(Records drawn from a dataset)
● ● ● ●
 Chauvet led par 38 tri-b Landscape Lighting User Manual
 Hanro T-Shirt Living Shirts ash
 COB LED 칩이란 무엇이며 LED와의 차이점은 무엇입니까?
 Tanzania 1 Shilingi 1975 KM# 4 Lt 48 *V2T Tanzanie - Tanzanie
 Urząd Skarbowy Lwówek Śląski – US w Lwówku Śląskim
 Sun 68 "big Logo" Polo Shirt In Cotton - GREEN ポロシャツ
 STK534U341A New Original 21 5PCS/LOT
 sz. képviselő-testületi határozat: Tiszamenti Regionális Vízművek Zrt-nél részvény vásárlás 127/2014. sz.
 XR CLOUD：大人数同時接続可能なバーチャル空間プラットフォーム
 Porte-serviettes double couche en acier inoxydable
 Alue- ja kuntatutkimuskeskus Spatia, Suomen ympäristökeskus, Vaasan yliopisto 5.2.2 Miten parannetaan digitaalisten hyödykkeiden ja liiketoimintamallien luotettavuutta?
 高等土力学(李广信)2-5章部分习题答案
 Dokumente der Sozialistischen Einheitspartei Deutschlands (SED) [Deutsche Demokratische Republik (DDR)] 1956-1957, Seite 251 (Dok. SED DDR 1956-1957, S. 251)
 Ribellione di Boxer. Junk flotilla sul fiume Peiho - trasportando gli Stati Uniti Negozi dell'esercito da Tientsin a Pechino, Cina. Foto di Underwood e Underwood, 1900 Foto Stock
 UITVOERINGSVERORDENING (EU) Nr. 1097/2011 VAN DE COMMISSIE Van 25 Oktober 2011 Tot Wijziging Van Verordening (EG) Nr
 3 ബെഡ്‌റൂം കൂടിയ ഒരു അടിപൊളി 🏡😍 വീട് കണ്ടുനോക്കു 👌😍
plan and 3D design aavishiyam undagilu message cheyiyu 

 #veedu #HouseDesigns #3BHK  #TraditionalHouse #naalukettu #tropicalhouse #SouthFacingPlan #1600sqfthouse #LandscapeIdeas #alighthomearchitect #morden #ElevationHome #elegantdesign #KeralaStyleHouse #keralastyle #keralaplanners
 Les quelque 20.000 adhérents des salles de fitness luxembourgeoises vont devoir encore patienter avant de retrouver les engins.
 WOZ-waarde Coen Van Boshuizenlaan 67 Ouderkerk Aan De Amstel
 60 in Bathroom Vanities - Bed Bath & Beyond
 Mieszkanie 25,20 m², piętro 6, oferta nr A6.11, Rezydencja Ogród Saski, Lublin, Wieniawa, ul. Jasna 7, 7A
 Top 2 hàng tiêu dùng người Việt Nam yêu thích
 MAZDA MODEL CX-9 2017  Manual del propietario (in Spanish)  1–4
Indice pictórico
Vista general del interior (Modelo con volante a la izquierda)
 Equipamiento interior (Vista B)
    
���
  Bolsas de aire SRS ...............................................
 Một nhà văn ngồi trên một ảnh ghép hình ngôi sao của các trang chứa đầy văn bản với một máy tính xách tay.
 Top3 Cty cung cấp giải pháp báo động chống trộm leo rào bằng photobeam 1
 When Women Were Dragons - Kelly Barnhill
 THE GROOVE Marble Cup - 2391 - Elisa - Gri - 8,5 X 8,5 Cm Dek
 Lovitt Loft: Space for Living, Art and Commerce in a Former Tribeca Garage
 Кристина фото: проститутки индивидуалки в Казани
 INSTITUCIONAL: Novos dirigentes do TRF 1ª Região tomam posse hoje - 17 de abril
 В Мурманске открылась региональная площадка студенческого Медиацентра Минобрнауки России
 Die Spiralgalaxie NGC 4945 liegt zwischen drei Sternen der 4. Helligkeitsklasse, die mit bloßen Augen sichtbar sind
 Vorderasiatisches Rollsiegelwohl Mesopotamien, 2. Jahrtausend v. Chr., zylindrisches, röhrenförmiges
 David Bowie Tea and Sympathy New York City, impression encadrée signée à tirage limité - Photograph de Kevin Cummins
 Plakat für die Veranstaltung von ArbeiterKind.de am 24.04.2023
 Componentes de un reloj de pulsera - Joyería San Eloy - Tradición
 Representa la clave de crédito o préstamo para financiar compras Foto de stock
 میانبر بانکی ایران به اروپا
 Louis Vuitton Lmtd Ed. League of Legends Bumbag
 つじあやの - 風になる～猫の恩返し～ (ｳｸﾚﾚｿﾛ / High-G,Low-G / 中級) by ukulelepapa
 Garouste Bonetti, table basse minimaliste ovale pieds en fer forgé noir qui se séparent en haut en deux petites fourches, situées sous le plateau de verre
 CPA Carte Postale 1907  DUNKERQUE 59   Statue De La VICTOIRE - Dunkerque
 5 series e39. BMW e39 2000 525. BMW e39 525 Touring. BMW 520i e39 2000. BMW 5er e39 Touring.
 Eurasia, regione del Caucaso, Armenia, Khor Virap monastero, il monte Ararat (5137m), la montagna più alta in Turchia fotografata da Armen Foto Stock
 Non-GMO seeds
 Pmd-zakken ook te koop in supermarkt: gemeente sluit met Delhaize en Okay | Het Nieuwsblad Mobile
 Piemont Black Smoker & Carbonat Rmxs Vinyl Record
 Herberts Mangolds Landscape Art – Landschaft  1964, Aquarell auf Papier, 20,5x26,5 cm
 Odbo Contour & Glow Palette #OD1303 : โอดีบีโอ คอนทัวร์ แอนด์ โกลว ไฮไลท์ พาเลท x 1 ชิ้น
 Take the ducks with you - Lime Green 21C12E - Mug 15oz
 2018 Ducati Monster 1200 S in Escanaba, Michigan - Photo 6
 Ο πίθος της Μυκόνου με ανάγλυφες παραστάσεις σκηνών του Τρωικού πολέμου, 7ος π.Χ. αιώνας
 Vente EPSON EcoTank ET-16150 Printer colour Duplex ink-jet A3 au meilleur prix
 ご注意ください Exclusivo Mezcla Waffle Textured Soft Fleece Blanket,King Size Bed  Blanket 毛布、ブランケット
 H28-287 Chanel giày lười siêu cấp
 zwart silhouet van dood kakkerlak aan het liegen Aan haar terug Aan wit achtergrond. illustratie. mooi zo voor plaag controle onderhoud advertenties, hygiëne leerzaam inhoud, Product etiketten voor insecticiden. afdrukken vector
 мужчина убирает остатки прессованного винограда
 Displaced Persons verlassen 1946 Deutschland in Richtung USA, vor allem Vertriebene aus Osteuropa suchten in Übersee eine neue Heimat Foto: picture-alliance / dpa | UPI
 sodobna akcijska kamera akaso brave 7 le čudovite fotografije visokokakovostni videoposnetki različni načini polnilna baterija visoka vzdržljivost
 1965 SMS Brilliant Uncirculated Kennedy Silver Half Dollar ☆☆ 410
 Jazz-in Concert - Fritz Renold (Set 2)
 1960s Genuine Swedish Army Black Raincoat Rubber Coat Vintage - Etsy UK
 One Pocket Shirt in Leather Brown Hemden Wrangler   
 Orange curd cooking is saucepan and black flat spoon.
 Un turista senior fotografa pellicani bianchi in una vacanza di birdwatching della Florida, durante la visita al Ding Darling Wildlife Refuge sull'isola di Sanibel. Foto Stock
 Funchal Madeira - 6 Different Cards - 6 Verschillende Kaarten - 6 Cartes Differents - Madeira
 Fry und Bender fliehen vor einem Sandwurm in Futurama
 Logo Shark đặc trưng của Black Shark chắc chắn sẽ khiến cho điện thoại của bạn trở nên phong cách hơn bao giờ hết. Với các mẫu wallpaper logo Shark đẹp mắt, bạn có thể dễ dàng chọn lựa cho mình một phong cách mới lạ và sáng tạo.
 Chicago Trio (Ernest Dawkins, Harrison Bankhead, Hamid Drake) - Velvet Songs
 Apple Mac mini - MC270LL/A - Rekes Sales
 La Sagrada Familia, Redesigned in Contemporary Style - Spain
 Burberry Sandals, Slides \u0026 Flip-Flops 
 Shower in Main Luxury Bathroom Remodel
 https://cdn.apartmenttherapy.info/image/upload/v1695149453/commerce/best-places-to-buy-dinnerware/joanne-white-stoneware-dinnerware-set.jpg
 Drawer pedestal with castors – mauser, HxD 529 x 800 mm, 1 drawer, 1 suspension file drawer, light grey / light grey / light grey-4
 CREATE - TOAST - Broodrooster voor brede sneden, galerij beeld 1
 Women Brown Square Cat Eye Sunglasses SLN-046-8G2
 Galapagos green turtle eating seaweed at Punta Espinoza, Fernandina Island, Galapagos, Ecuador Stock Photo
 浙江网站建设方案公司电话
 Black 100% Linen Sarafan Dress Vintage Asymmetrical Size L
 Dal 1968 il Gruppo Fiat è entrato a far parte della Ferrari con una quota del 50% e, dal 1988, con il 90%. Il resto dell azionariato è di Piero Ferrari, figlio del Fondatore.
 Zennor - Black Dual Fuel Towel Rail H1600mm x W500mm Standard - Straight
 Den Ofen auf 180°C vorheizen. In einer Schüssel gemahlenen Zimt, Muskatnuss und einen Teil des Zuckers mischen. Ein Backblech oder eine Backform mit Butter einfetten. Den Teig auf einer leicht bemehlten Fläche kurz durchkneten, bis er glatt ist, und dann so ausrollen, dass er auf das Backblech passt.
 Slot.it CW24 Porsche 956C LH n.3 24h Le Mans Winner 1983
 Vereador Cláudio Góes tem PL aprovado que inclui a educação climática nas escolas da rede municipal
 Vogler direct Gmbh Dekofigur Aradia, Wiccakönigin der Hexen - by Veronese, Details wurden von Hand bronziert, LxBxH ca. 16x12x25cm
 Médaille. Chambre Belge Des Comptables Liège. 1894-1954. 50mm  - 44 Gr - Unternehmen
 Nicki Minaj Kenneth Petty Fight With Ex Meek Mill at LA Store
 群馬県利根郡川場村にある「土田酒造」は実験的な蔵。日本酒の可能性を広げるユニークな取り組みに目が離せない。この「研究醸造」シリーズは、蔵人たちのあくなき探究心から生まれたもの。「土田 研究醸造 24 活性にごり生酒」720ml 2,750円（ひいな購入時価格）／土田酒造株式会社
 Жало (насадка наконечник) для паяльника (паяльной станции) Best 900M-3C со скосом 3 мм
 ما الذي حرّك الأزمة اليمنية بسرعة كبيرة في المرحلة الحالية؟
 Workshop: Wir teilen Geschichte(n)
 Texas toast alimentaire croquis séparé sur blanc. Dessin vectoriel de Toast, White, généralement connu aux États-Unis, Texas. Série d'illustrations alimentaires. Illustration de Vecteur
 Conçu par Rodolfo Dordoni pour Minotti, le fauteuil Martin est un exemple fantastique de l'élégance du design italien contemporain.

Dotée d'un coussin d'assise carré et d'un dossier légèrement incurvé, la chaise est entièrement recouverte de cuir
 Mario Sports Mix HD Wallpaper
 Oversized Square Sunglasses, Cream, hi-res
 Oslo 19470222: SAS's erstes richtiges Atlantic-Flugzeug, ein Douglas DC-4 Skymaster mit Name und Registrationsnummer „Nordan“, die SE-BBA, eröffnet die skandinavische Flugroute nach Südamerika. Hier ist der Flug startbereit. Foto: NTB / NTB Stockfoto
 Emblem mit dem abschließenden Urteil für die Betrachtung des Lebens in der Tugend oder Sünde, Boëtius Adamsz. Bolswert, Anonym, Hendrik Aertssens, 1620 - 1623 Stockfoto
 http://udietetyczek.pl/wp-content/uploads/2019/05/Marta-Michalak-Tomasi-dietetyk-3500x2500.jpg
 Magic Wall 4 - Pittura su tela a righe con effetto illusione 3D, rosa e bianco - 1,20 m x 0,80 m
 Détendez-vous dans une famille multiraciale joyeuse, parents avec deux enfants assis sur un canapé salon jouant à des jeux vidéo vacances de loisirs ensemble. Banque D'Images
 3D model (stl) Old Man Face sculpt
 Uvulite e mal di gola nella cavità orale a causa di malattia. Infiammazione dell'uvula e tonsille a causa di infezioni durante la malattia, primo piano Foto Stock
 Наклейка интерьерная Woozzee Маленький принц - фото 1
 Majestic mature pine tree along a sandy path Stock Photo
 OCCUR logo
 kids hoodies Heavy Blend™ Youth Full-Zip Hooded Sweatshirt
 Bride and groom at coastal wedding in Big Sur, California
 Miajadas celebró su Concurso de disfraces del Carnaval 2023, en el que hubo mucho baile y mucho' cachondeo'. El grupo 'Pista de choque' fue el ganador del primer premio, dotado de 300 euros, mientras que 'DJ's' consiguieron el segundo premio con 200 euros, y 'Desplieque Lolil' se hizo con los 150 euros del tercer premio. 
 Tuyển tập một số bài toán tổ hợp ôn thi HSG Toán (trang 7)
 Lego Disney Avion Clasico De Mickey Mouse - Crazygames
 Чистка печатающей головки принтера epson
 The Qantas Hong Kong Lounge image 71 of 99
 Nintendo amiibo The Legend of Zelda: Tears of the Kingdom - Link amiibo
● ● ● ●
Activity: Nothing but the lines from the beginning of the records through the line with "Ribellione di Boxer." should appear, each printed exactly.

Answer:
 Chauvet led par 38 tri-b Landscape Lighting User Manual
 Hanro T-Shirt Living Shirts ash
 COB LED 칩이란 무엇이며 LED와의 차이점은 무엇입니까?
 Tanzania 1 Shilingi 1975 KM# 4 Lt 48 *V2T Tanzanie - Tanzanie
 Urząd Skarbowy Lwówek Śląski – US w Lwówku Śląskim
 Sun 68 "big Logo" Polo Shirt In Cotton - GREEN ポロシャツ
 STK534U341A New Original 21 5PCS/LOT
 sz. képviselő-testületi határozat: Tiszamenti Regionális Vízművek Zrt-nél részvény vásárlás 127/2014. sz.
 XR CLOUD：大人数同時接続可能なバーチャル空間プラットフォーム
 Porte-serviettes double couche en acier inoxydable
 Alue- ja kuntatutkimuskeskus Spatia, Suomen ympäristökeskus, Vaasan yliopisto 5.2.2 Miten parannetaan digitaalisten hyödykkeiden ja liiketoimintamallien luotettavuutta?
 高等土力学(李广信)2-5章部分习题答案
 Dokumente der Sozialistischen Einheitspartei Deutschlands (SED) [Deutsche Demokratische Republik (DDR)] 1956-1957, Seite 251 (Dok. SED DDR 1956-1957, S. 251)
 Ribellione di Boxer. Junk flotilla sul fiume Peiho - trasportando gli Stati Uniti Negozi dell'esercito da Tientsin a Pechino, Cina. Foto di Underwood e Underwood, 1900 Foto Stock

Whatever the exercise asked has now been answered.